**TASK TO CARRY OUT:** Please repeat each line from the one holding "Label Ni Aku" through the final line of the data, exactly as it stands, with no pictures.

### PROVIDED DATA

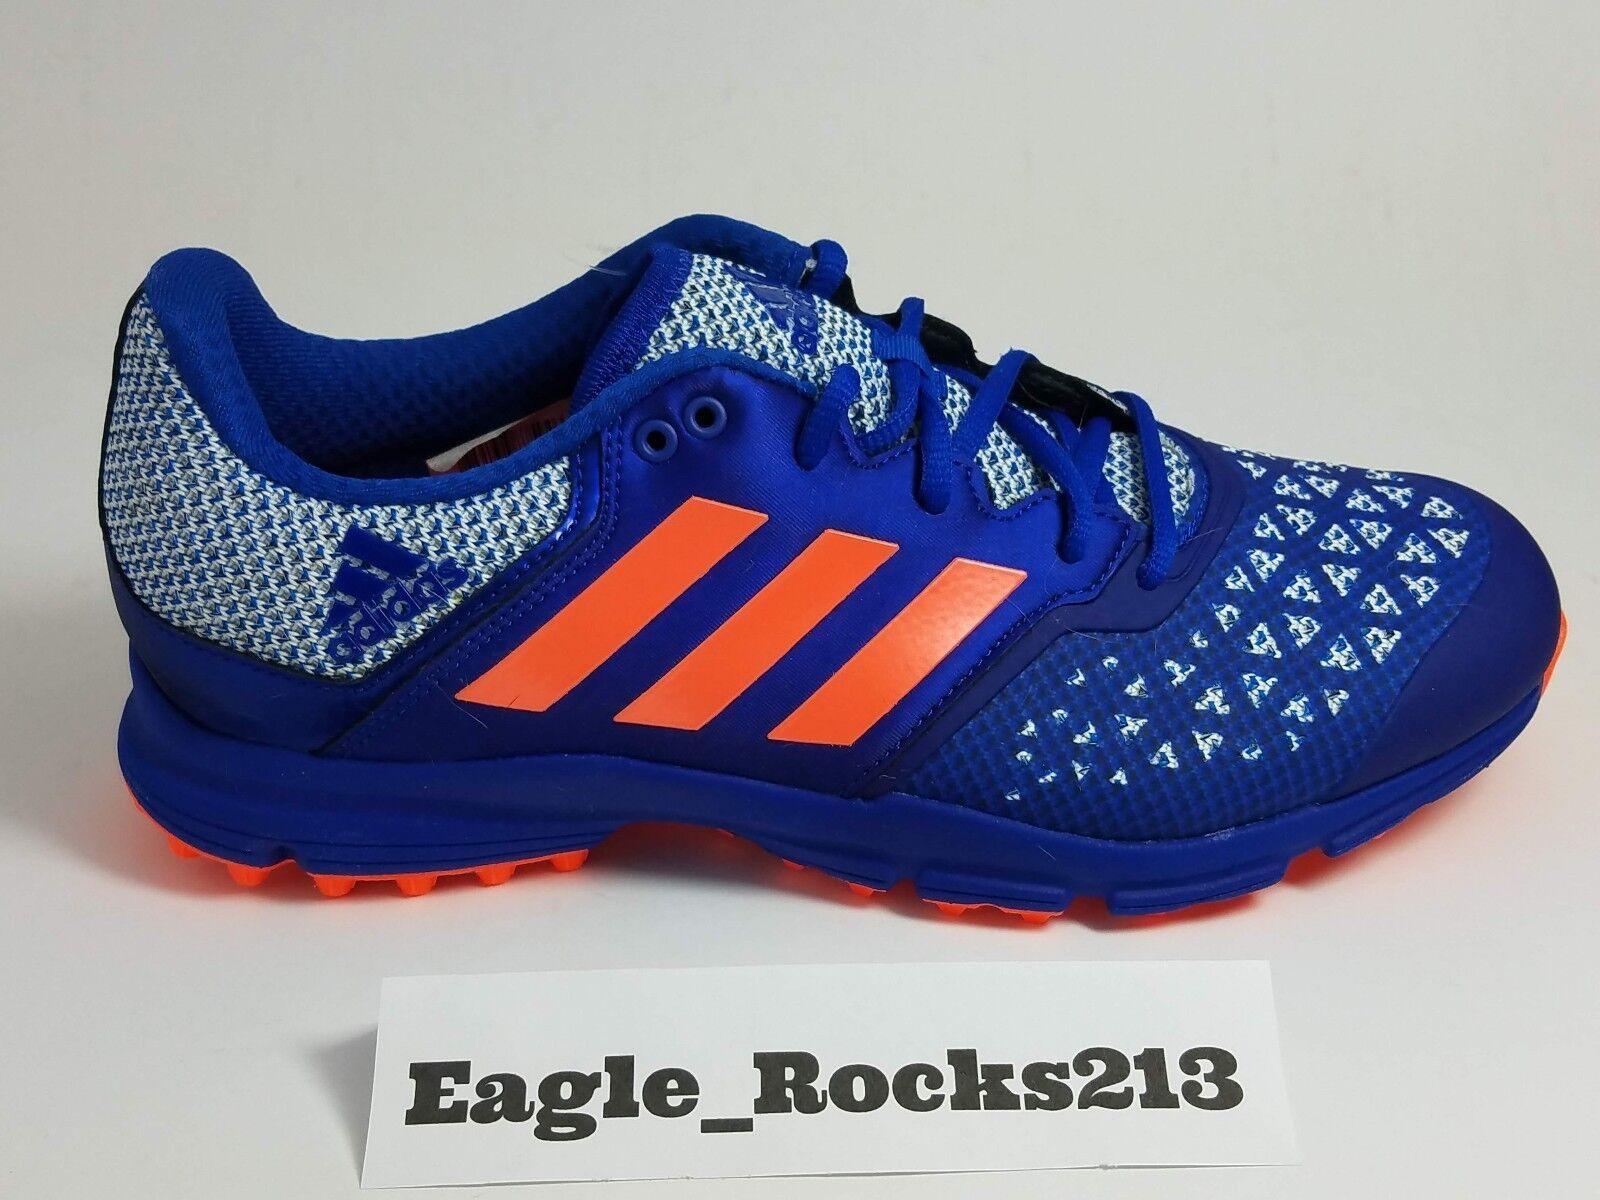 Adidas Zone Dox Hockey Aq6520 Blue Orange Shoes Cleats Uomo Sz 9 Turf Trainers
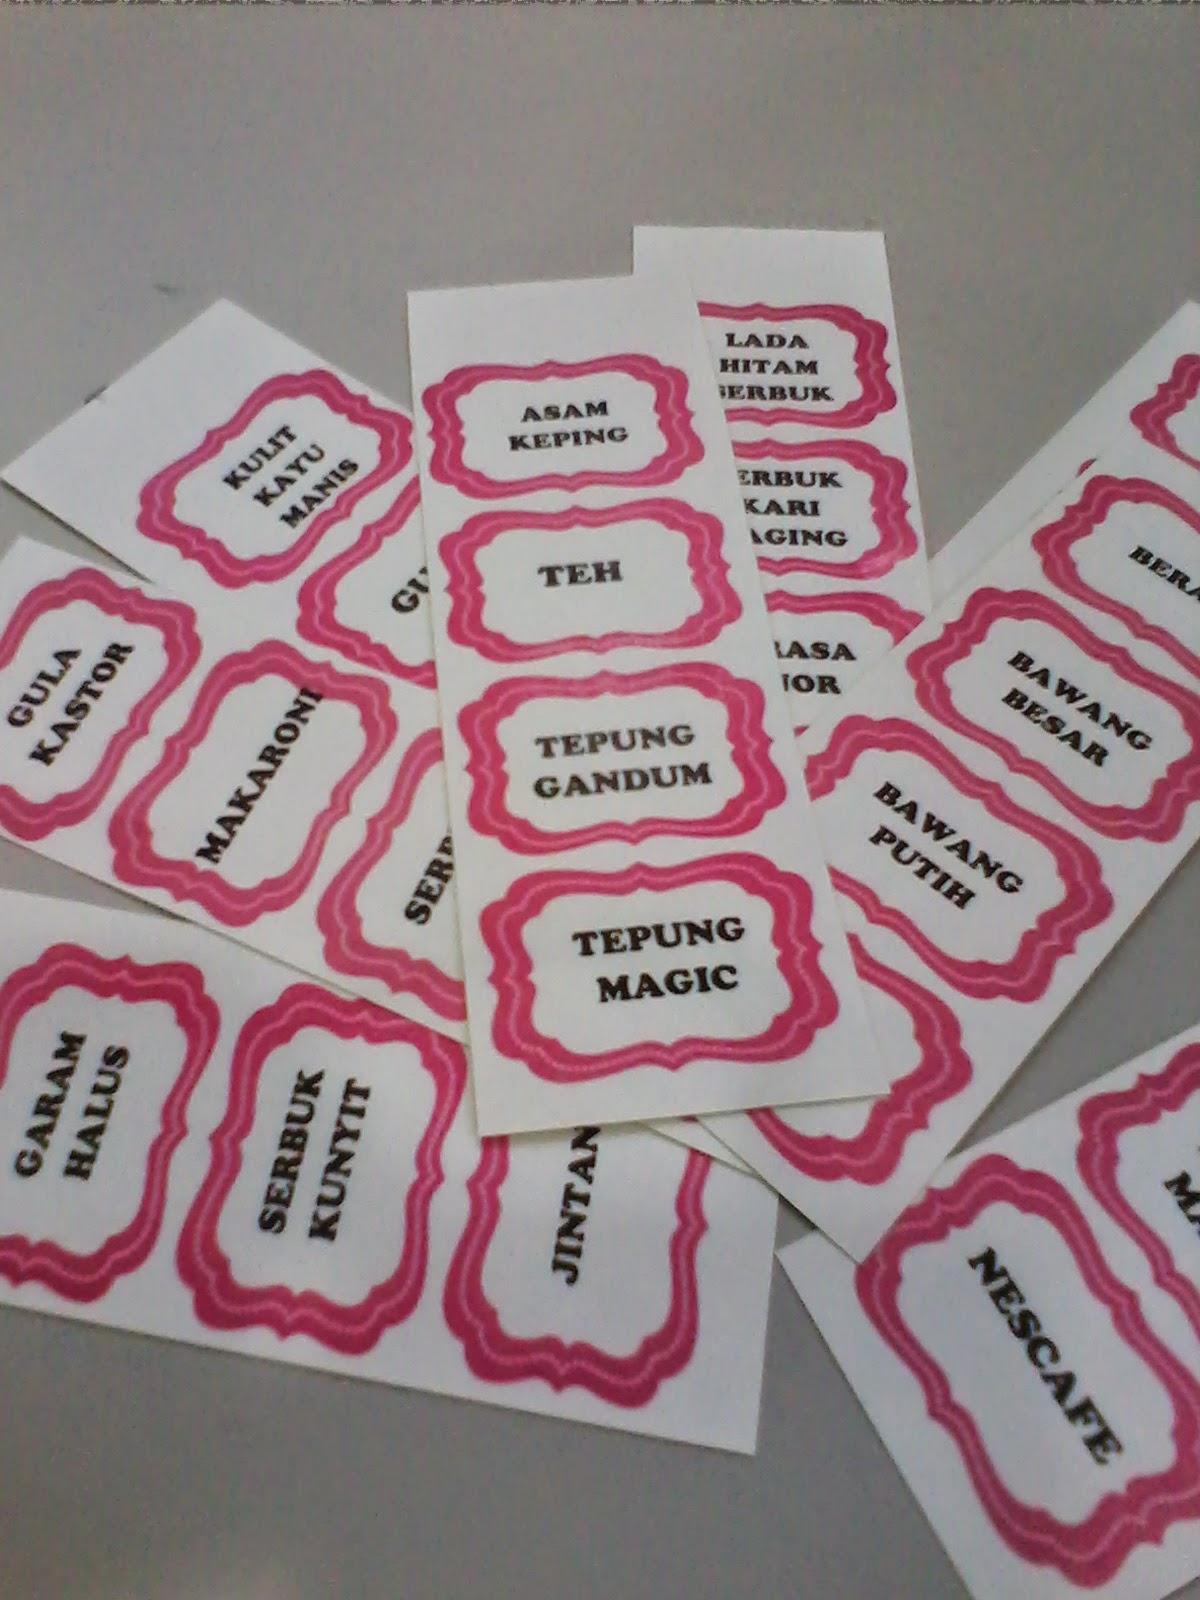 Label Ni Aku Print Atas Ketas Stiker Tapi Nak Bagi Berkilat Lekat Ablk Silotape Jernih Kat Bekas Letak Dapur
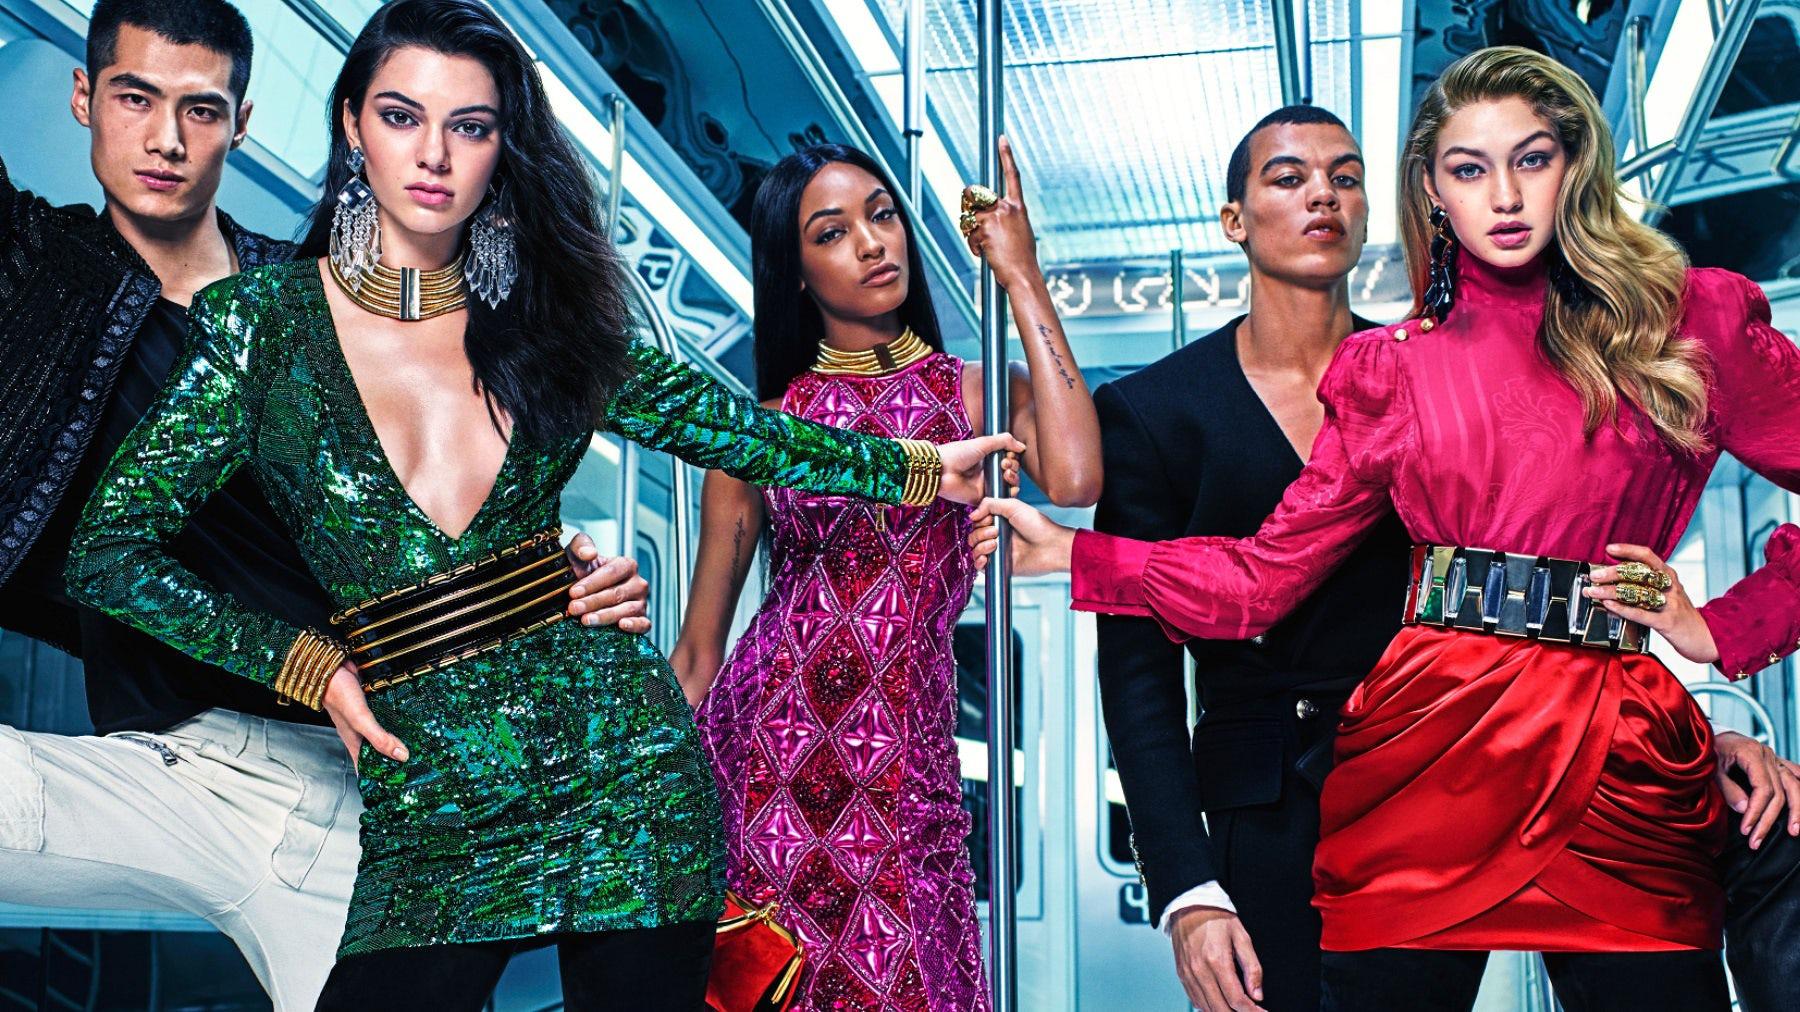 Fast Fashion - Sức hút không thể chối từ và Hệ luỵ không thể chối cãi - Ảnh 6.

######

**WRITTEN SOLUTION:**
 Label Ni Aku Print Atas Ketas Stiker Tapi Nak Bagi Berkilat Lekat Ablk Silotape Jernih Kat Bekas Letak Dapur
 Fast Fashion - Sức hút không thể chối từ và Hệ luỵ không thể chối cãi - Ảnh 6.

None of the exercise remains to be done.